** Records provided follows **

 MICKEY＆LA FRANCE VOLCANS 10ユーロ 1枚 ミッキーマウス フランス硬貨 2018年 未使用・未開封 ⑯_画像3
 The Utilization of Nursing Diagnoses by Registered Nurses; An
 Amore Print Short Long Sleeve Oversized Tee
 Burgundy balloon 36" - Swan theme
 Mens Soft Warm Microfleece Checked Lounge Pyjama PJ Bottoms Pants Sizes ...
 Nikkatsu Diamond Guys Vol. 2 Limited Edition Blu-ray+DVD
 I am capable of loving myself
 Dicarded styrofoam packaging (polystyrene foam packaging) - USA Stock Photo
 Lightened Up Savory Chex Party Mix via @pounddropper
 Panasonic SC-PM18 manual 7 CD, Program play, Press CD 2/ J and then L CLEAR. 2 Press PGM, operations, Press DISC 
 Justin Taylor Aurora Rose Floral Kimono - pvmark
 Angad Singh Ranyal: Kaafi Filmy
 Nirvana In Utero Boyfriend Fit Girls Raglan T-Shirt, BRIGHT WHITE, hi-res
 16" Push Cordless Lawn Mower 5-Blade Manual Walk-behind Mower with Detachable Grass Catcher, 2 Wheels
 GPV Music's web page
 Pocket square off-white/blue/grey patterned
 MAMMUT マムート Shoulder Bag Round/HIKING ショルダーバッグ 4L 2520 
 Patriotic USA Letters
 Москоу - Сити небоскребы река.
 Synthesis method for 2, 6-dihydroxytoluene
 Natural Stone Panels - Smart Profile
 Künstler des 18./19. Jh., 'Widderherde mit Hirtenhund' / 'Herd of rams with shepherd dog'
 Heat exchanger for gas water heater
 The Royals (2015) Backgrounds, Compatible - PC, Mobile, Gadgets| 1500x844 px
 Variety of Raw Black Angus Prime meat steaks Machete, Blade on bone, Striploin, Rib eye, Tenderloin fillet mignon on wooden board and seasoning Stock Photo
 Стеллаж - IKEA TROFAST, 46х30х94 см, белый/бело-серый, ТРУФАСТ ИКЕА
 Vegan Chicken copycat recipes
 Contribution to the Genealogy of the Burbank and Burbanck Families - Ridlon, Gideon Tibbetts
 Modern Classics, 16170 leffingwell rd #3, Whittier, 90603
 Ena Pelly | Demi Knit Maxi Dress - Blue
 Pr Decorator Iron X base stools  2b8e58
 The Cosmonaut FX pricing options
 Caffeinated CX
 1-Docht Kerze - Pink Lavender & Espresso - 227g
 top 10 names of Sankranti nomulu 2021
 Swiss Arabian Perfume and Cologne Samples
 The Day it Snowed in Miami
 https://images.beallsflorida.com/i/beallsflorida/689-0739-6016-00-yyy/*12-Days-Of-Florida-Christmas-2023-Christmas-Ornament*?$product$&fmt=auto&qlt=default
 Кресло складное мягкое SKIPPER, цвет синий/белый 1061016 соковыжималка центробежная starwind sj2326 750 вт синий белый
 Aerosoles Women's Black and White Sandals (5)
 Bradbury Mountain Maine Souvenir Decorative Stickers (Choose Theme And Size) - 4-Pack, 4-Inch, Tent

** End of Records provided **

* Task details
Restate precisely, and with nothing added, the lines from the one with "Modern Classics, 16170" through the final line of the material.

* Answer for the task
 Modern Classics, 16170 leffingwell rd #3, Whittier, 90603
 Ena Pelly | Demi Knit Maxi Dress - Blue
 Pr Decorator Iron X base stools  2b8e58
 The Cosmonaut FX pricing options
 Caffeinated CX
 1-Docht Kerze - Pink Lavender & Espresso - 227g
 top 10 names of Sankranti nomulu 2021
 Swiss Arabian Perfume and Cologne Samples
 The Day it Snowed in Miami
 https://images.beallsflorida.com/i/beallsflorida/689-0739-6016-00-yyy/*12-Days-Of-Florida-Christmas-2023-Christmas-Ornament*?$product$&fmt=auto&qlt=default
 Кресло складное мягкое SKIPPER, цвет синий/белый 1061016 соковыжималка центробежная starwind sj2326 750 вт синий белый
 Aerosoles Women's Black and White Sandals (5)
 Bradbury Mountain Maine Souvenir Decorative Stickers (Choose Theme And Size) - 4-Pack, 4-Inch, Tent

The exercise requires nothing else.